» Data to examine:

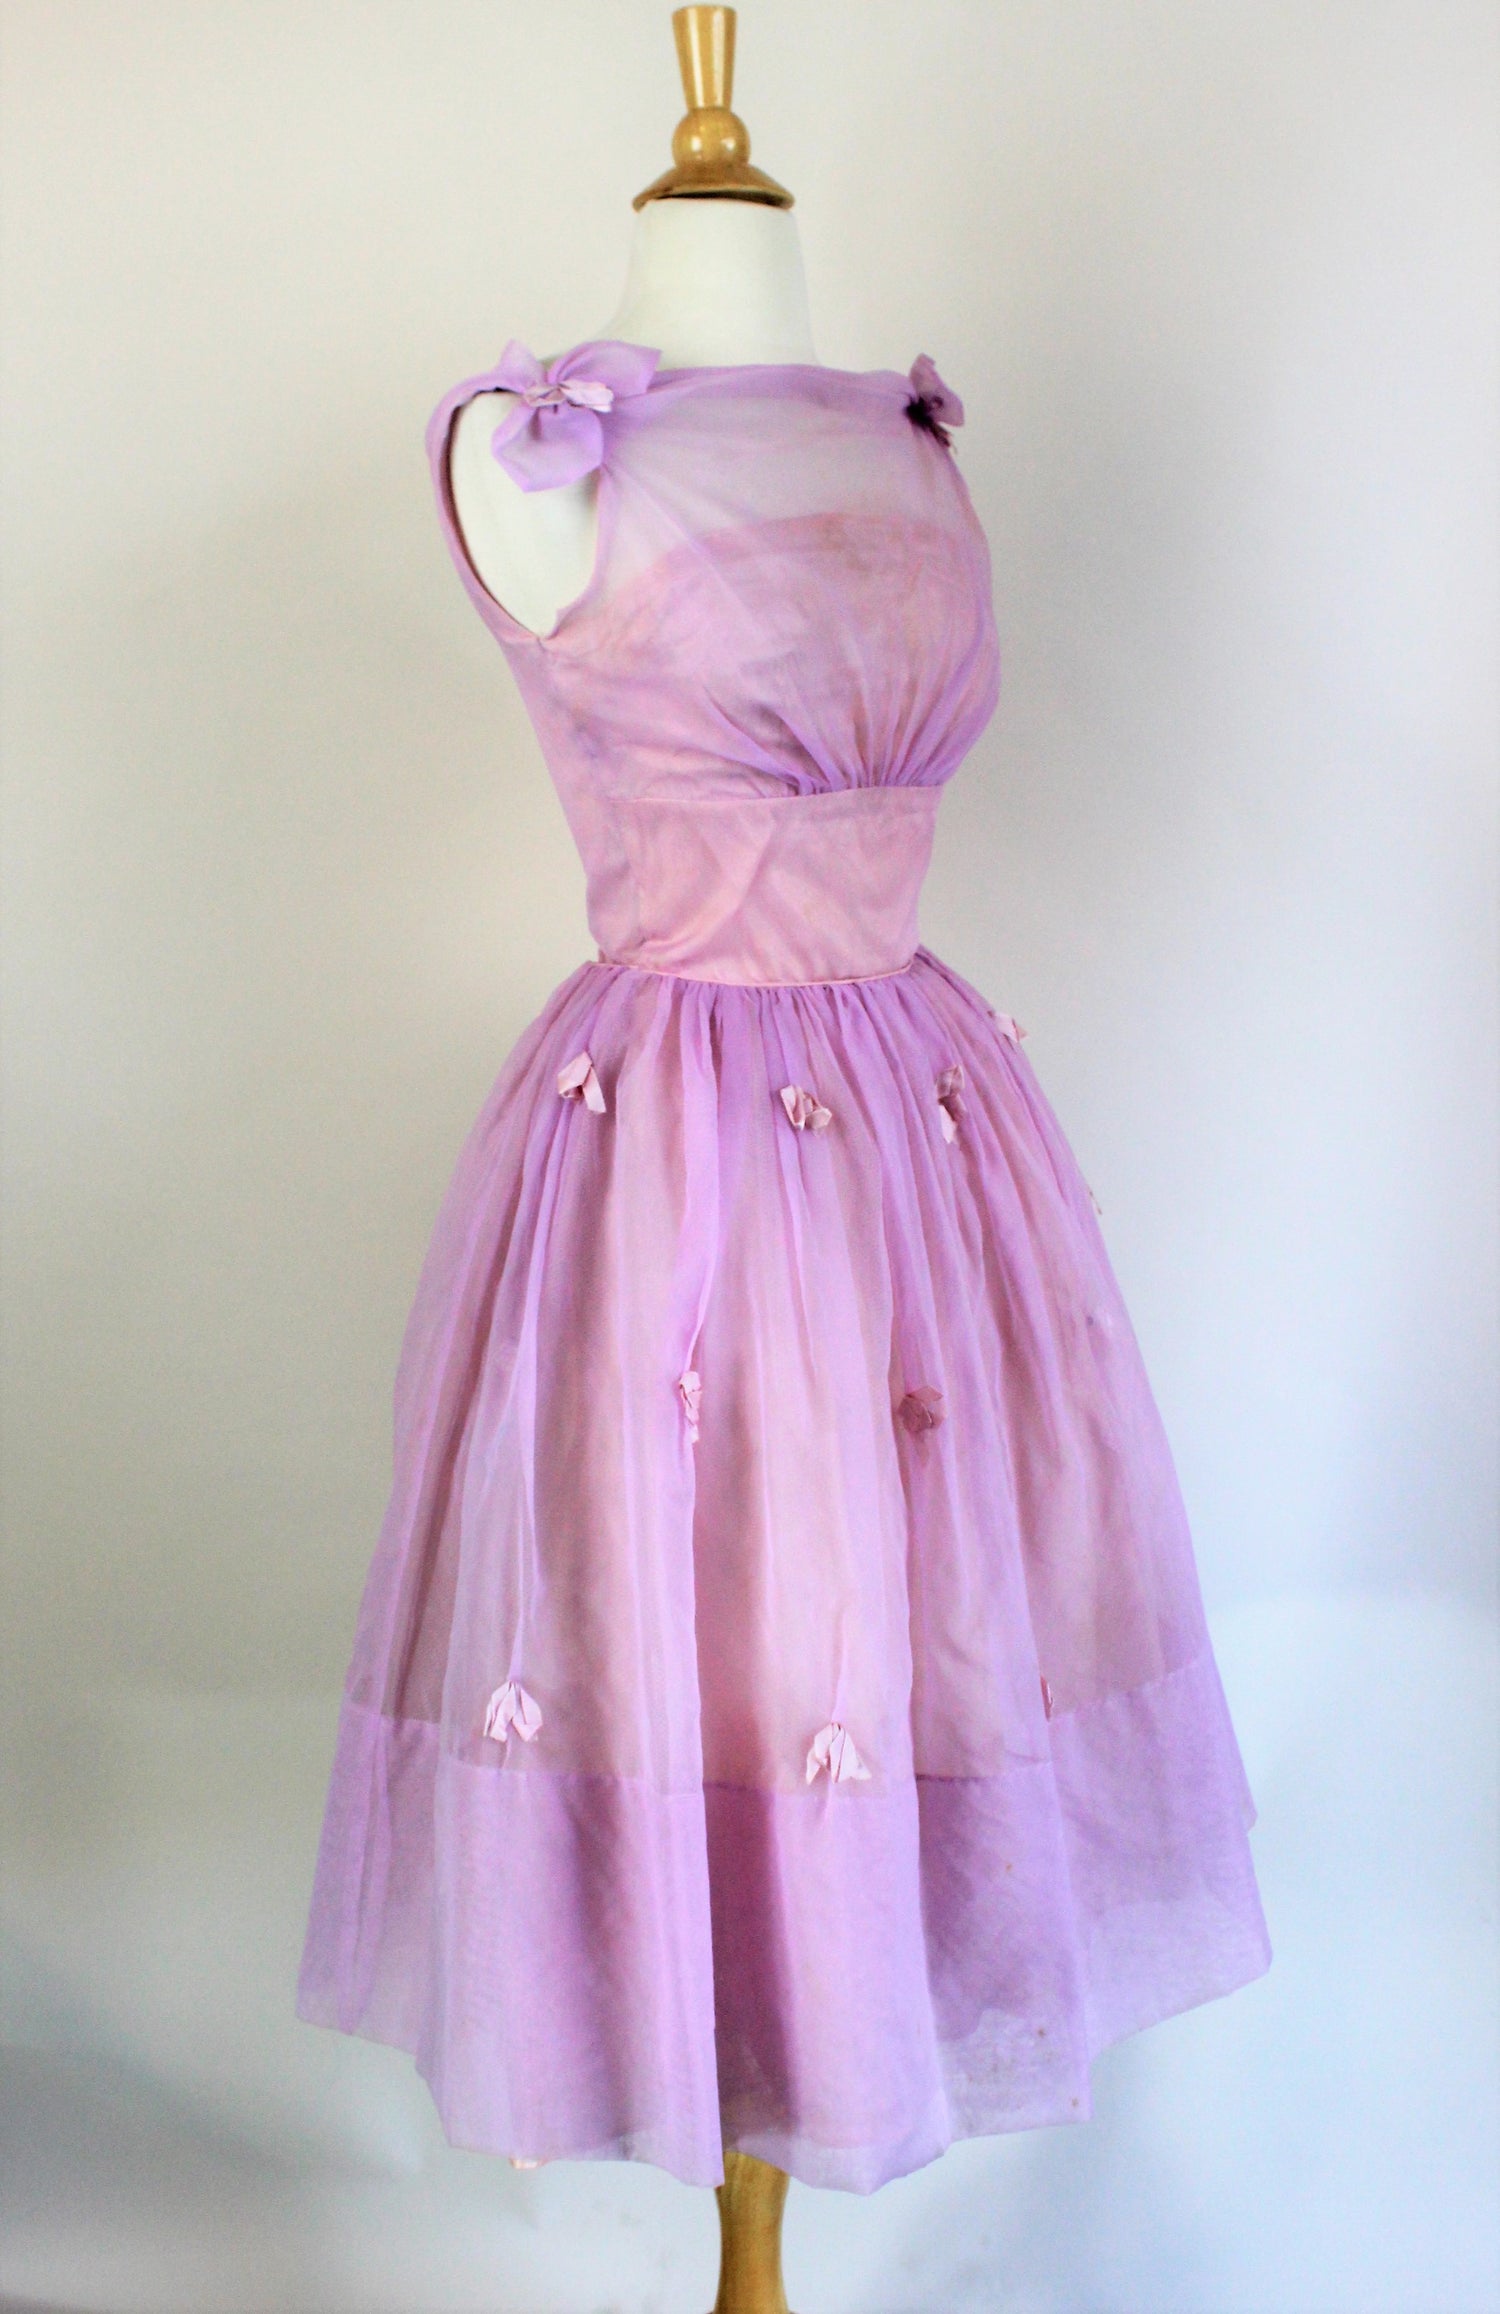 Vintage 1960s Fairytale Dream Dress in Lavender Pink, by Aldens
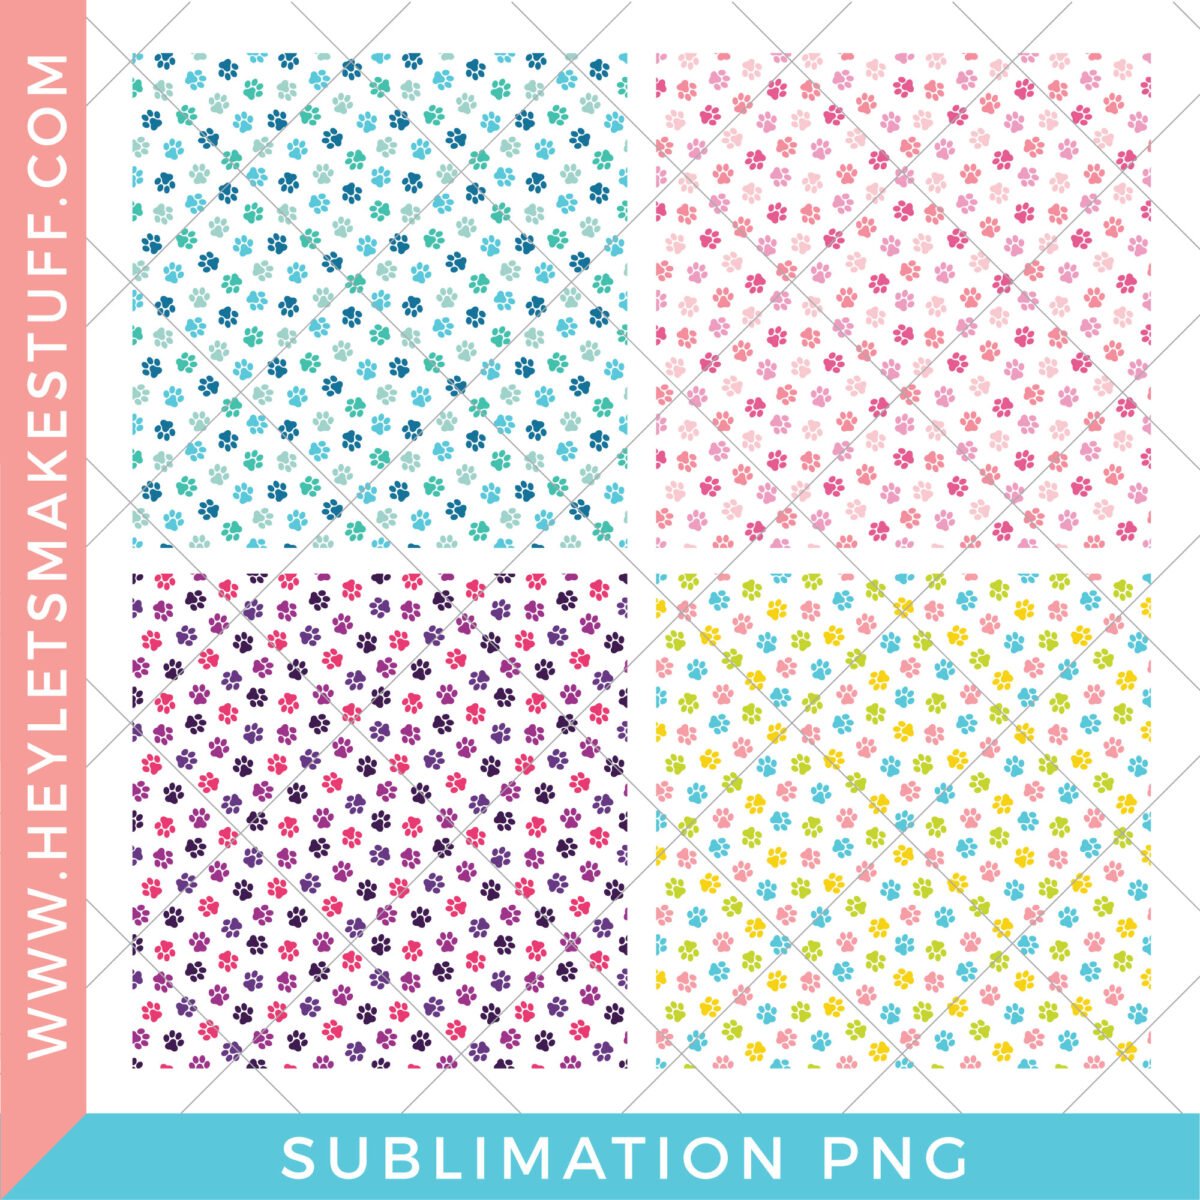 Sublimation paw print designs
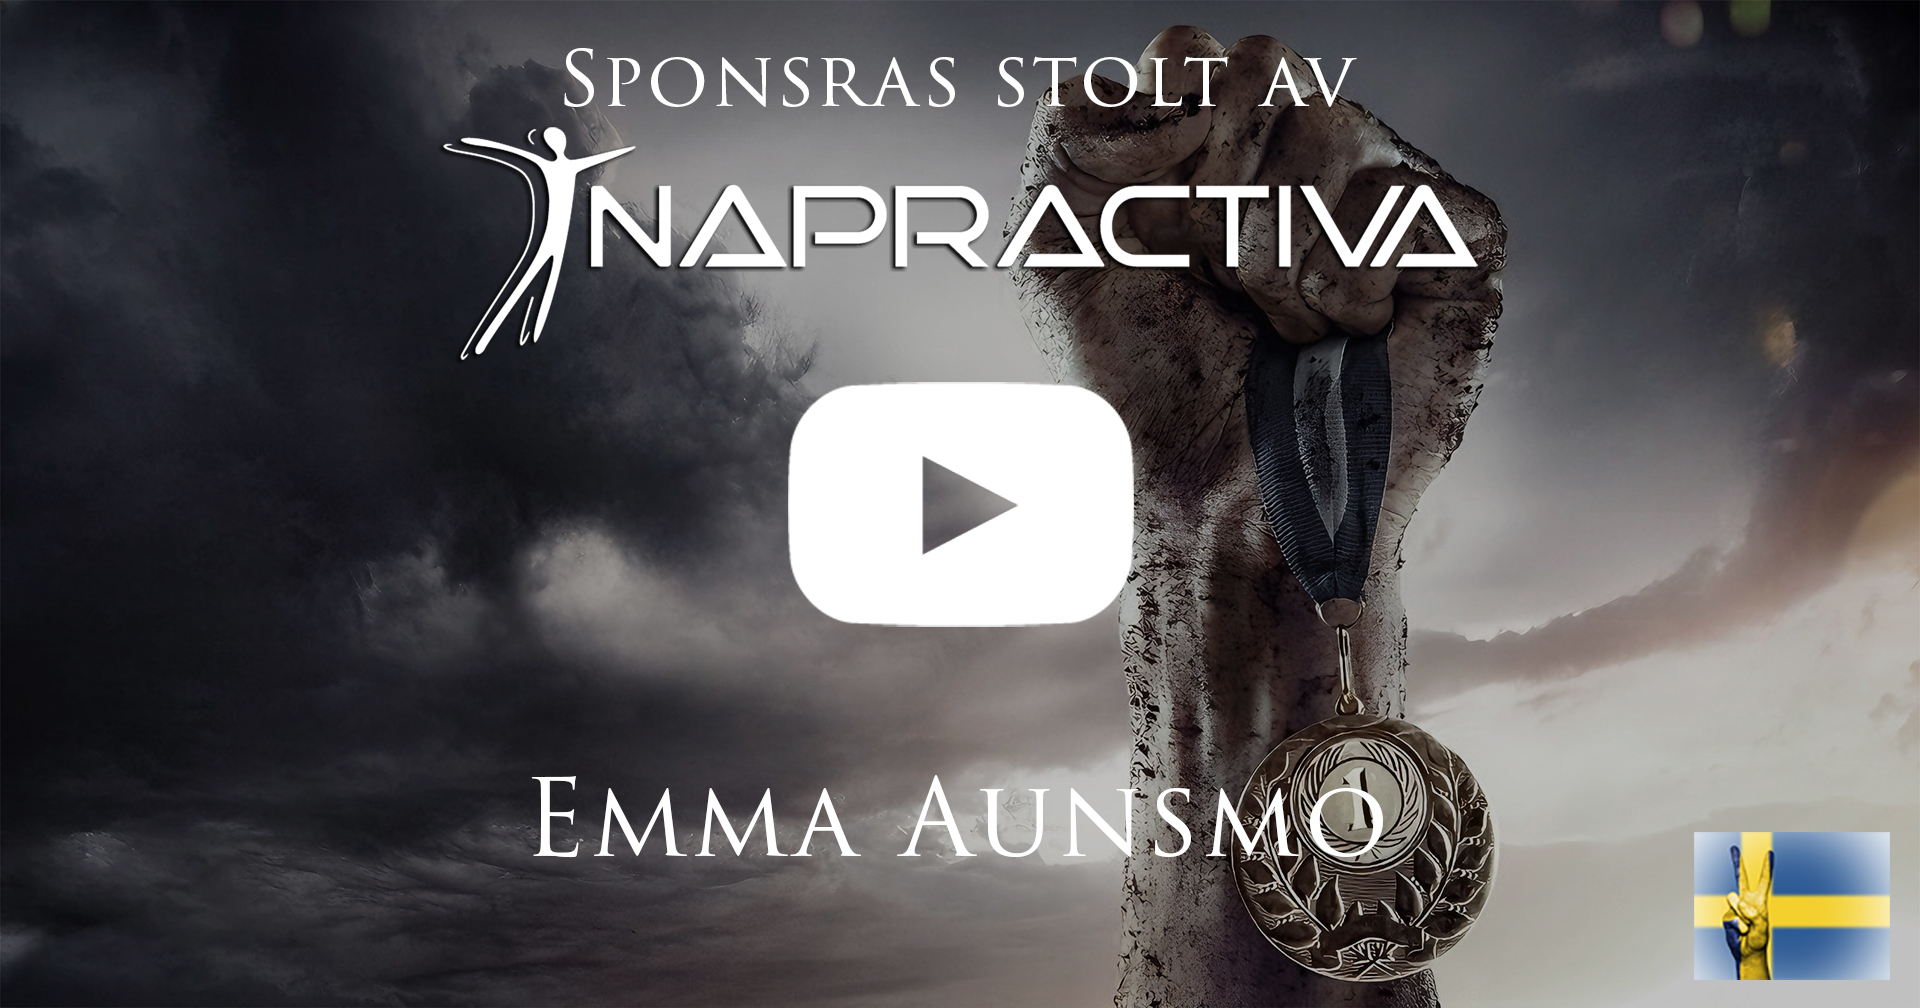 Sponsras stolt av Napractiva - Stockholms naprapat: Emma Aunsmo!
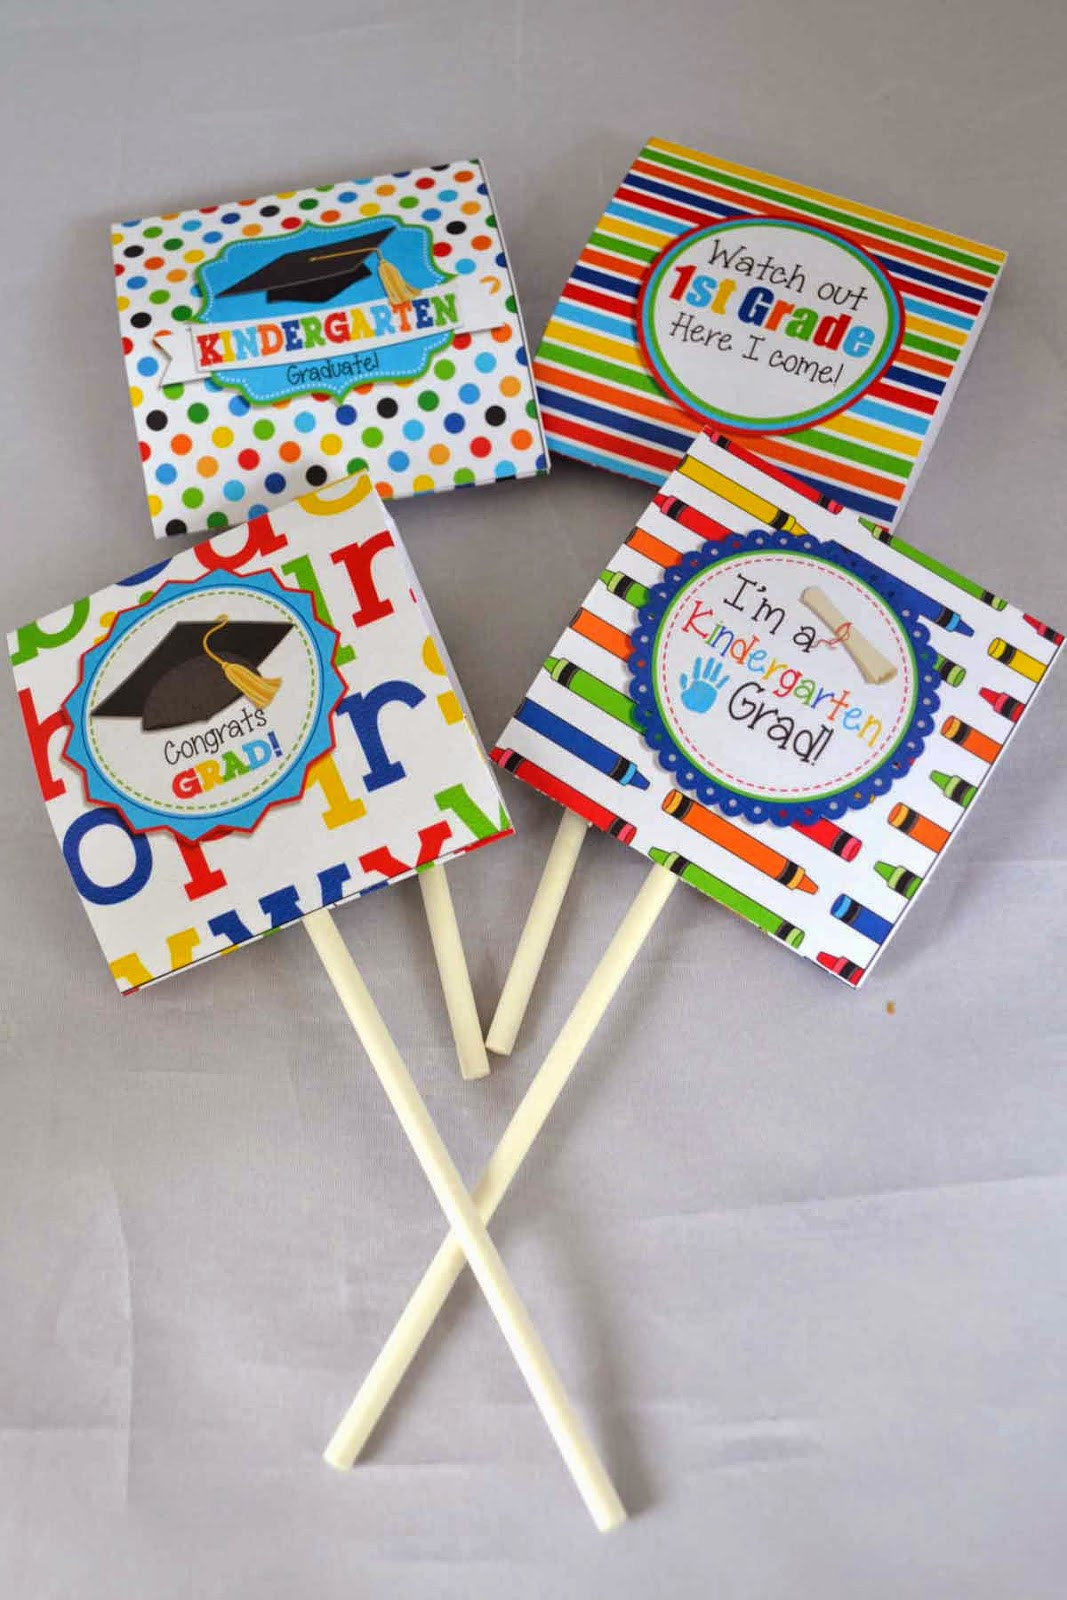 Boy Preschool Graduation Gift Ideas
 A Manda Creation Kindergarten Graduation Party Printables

» Goal of the exercise: Your answer must be the lines from the line containing "Boy Preschool Graduation Gift Ideas" through the final line of the data, written out exactly, both ends included and pictures left out.

» Response to this task:
 Boy Preschool Graduation Gift Ideas
 A Manda Creation Kindergarten Graduation Party Printables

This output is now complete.